◆ Assignment ◆
Transcribe the data in full and exactly, omitting any pictures.

◆ Data section ◆
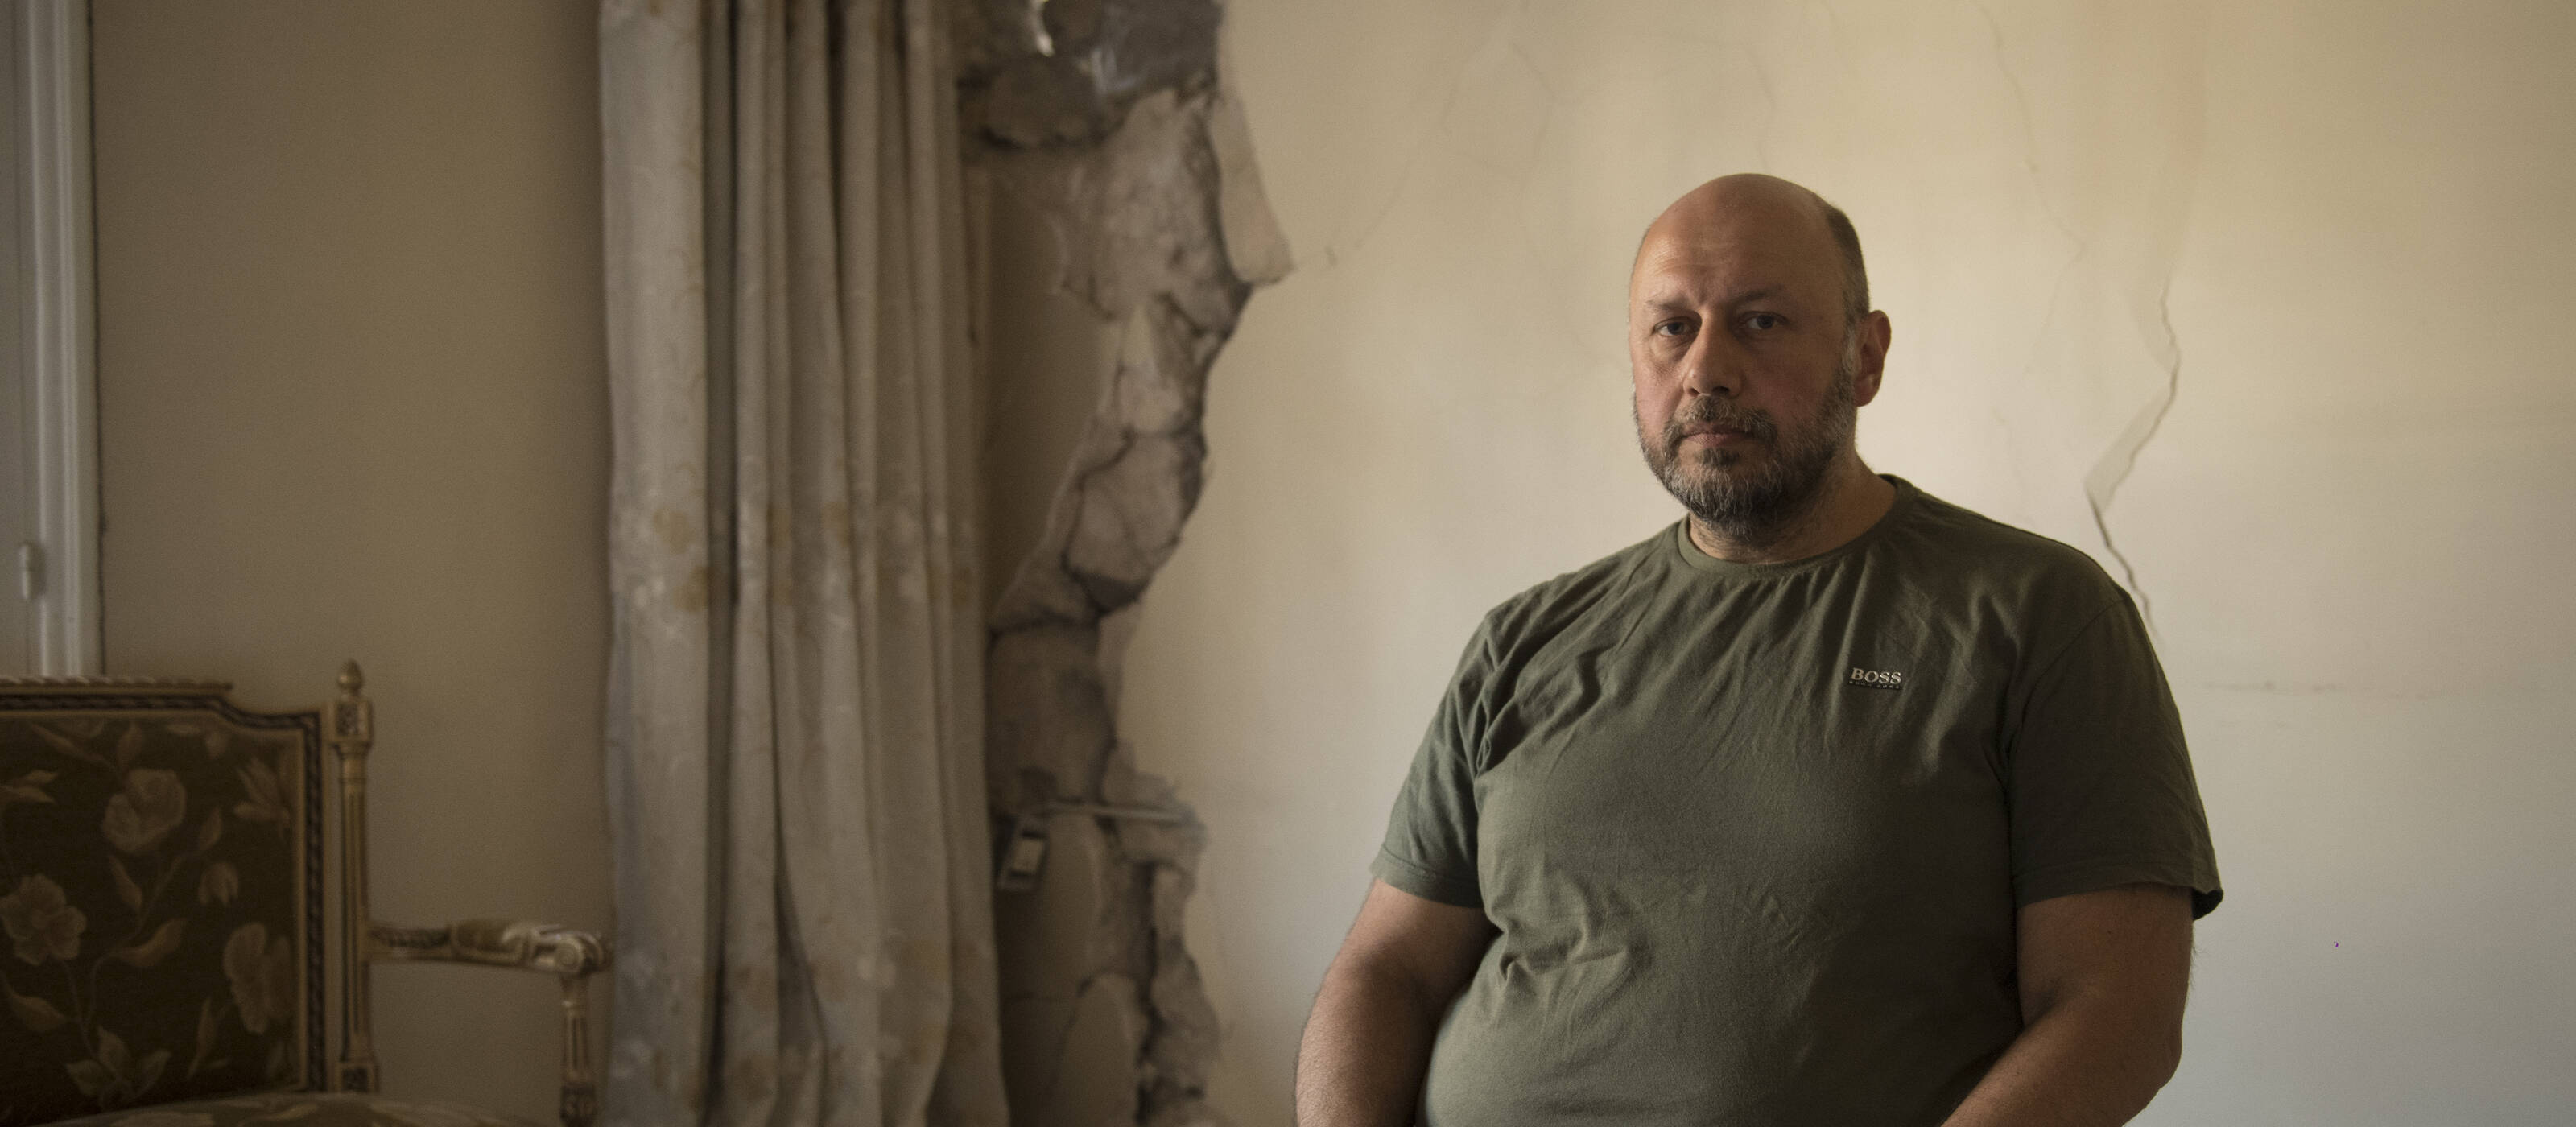 George S. in his apartment in Aleppo, which is uninhabitable because of the earthquake.
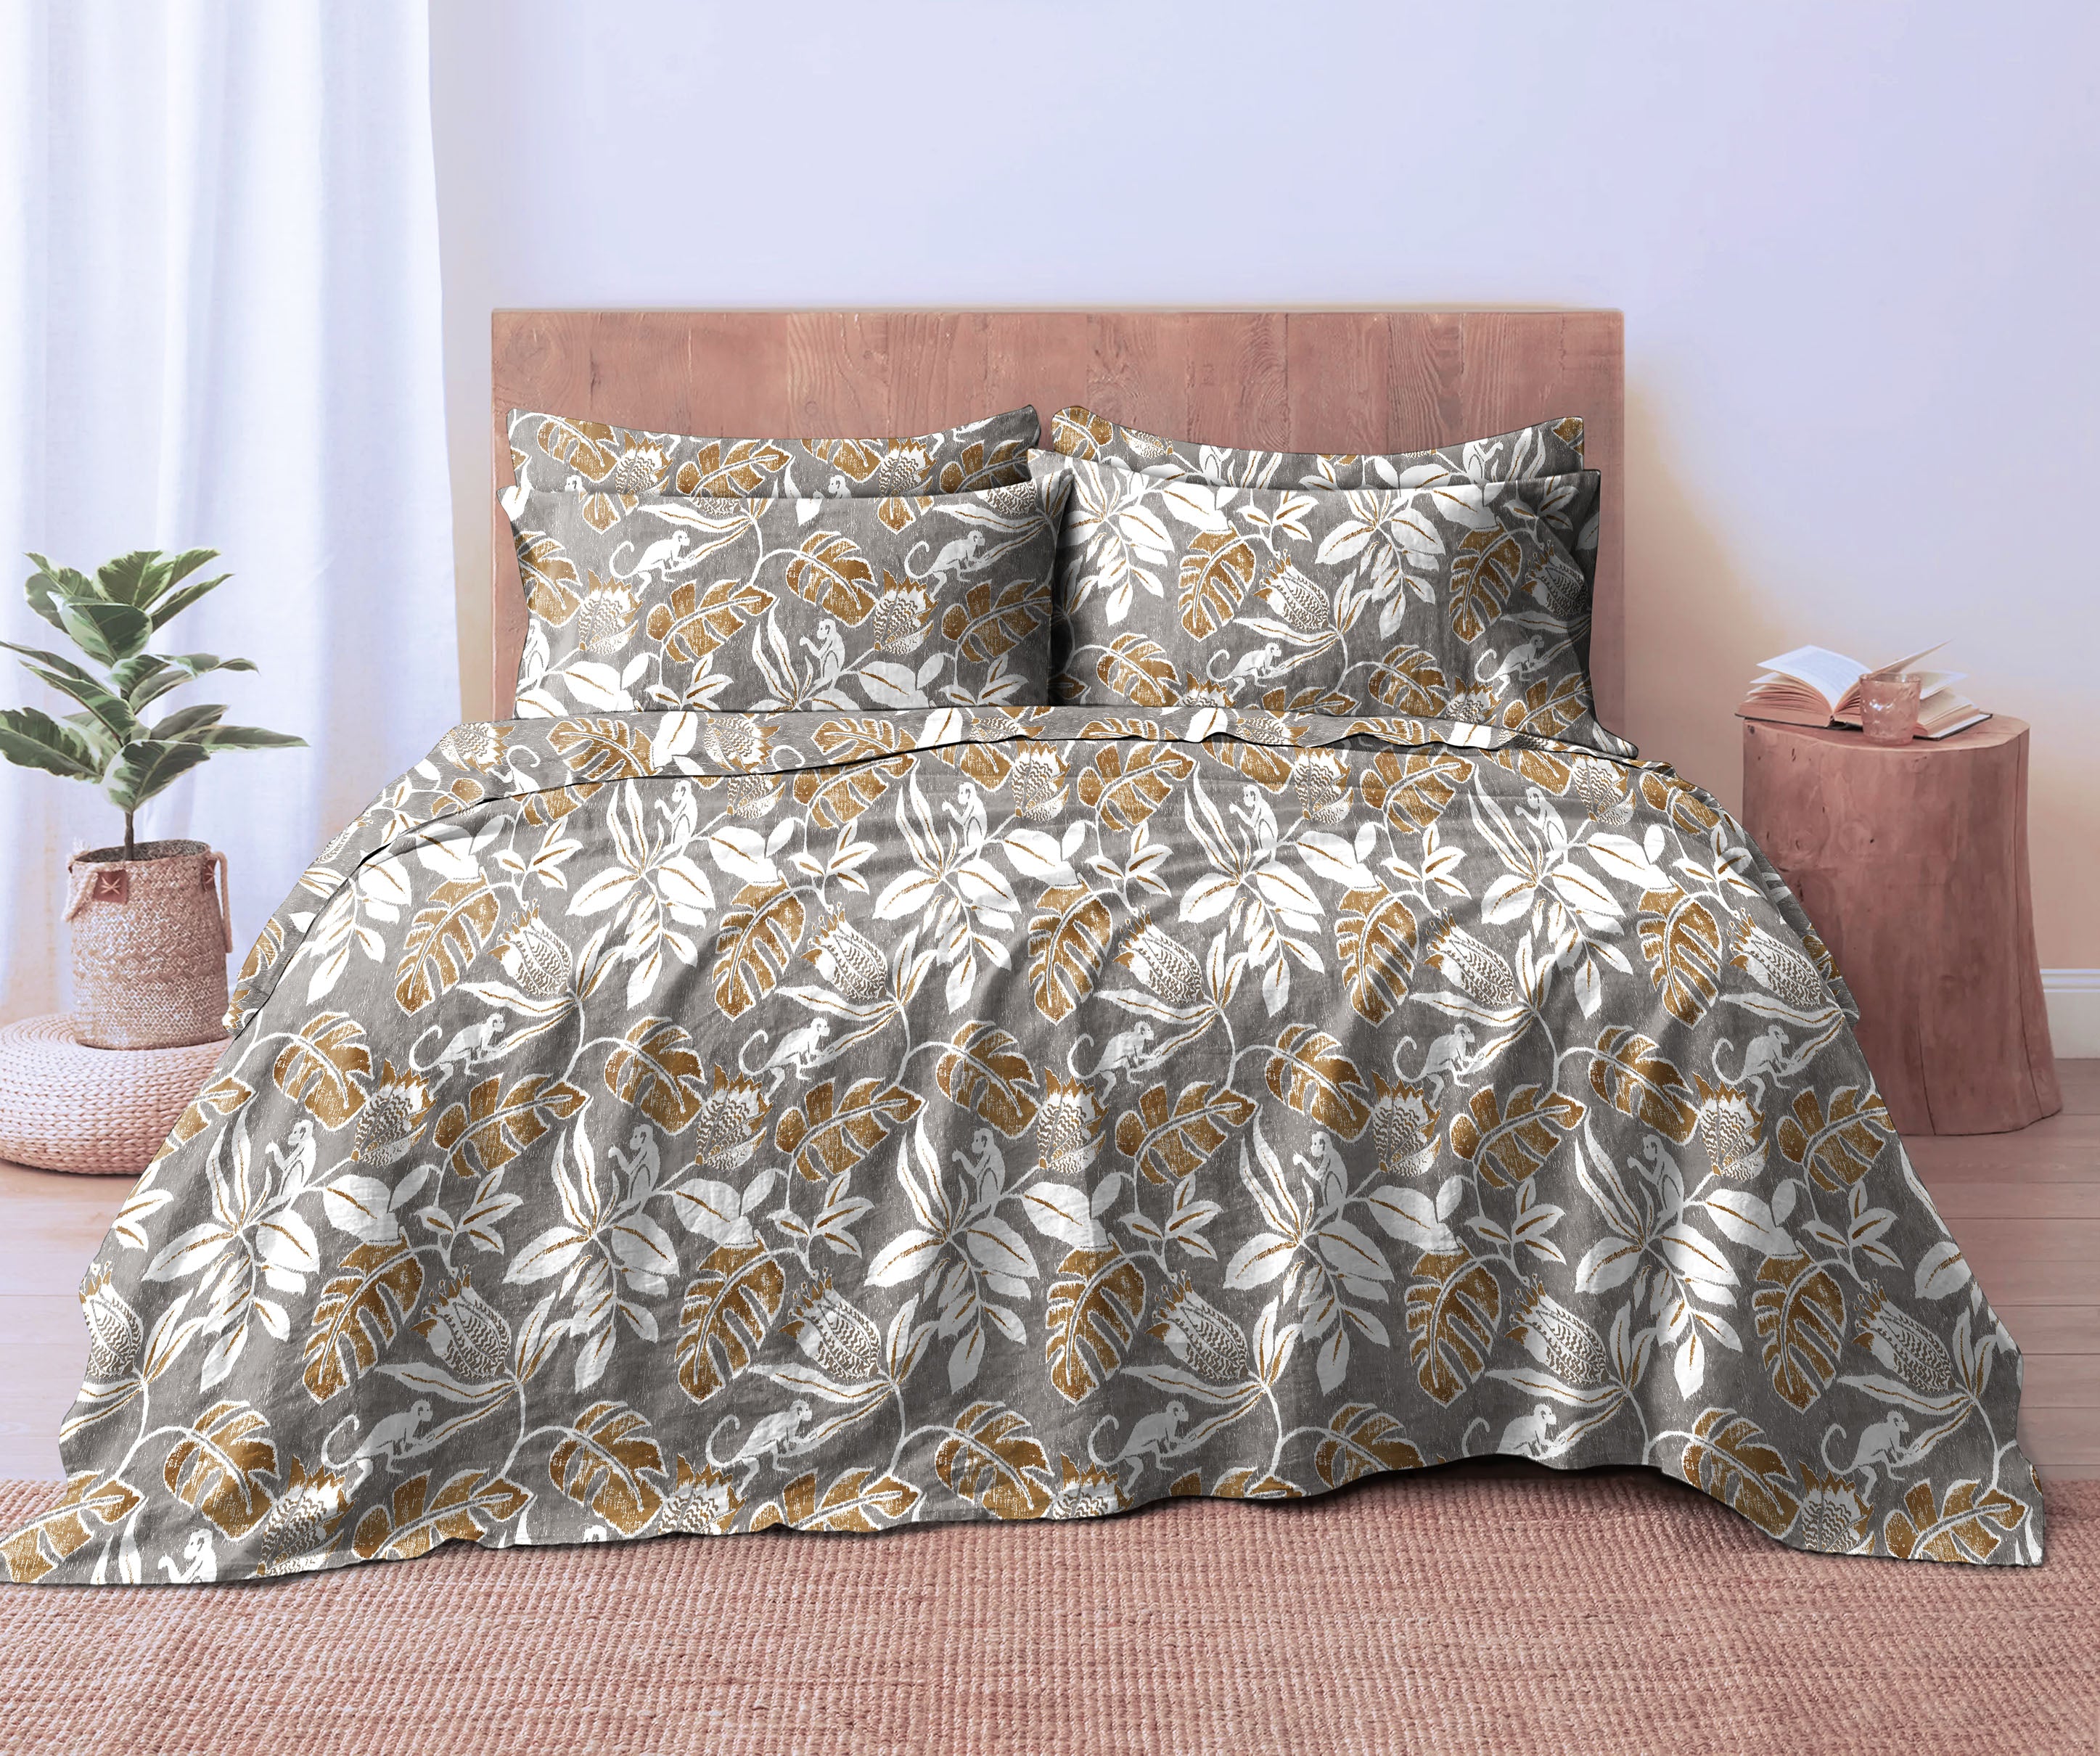 SAVANNA ANTHRACITE BEDCOVER FOR DOUBLE BED WITH 2 PILLOWCOVERS KING SIZE (104" X 90")
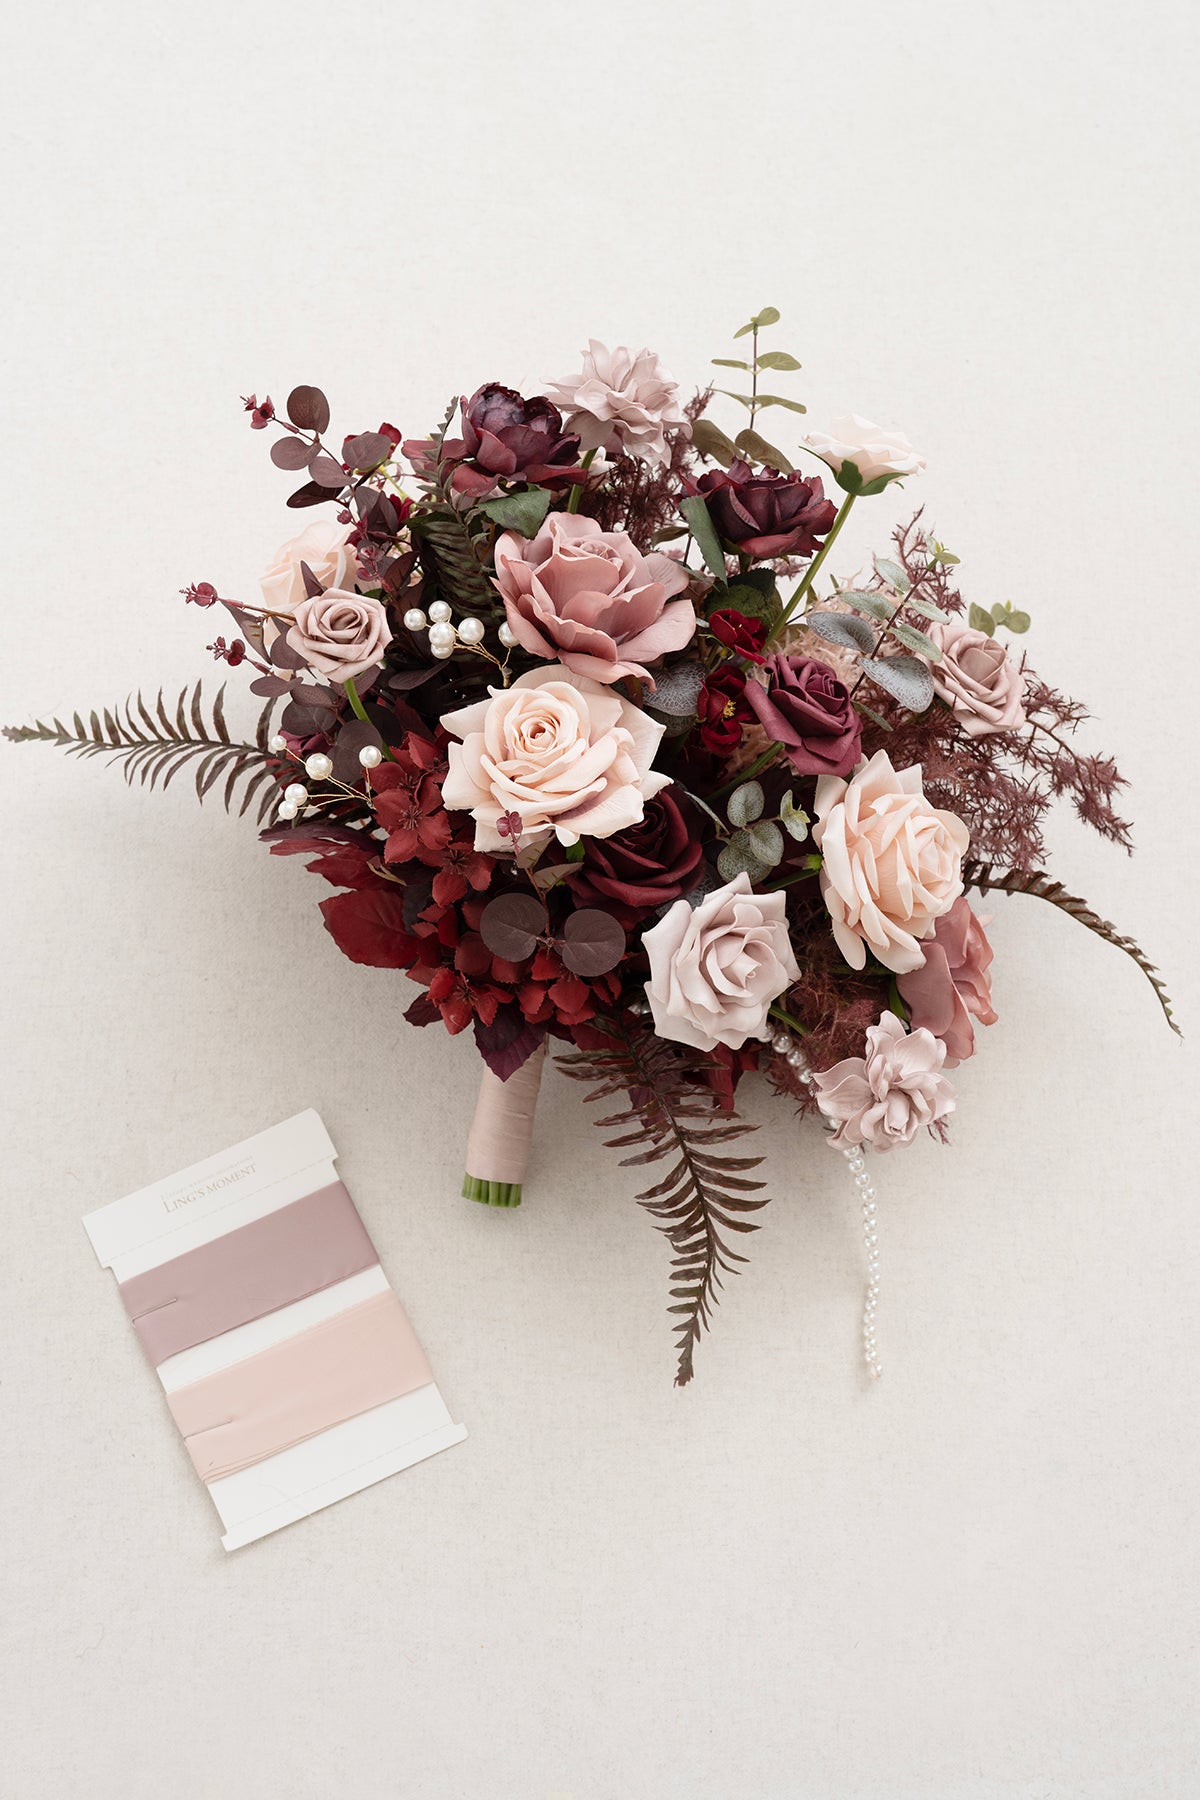 Large Free-Form Bridal Bouquet in Burgundy & Dusty Rose

◆ Completed exercise ◆
 George S. in his apartment in Aleppo, which is uninhabitable because of the earthquake.
 SAVANNA ANTHRACITE BEDCOVER FOR DOUBLE BED WITH 2 PILLOWCOVERS KING SIZE (104" X 90")
 Large Free-Form Bridal Bouquet in Burgundy & Dusty Rose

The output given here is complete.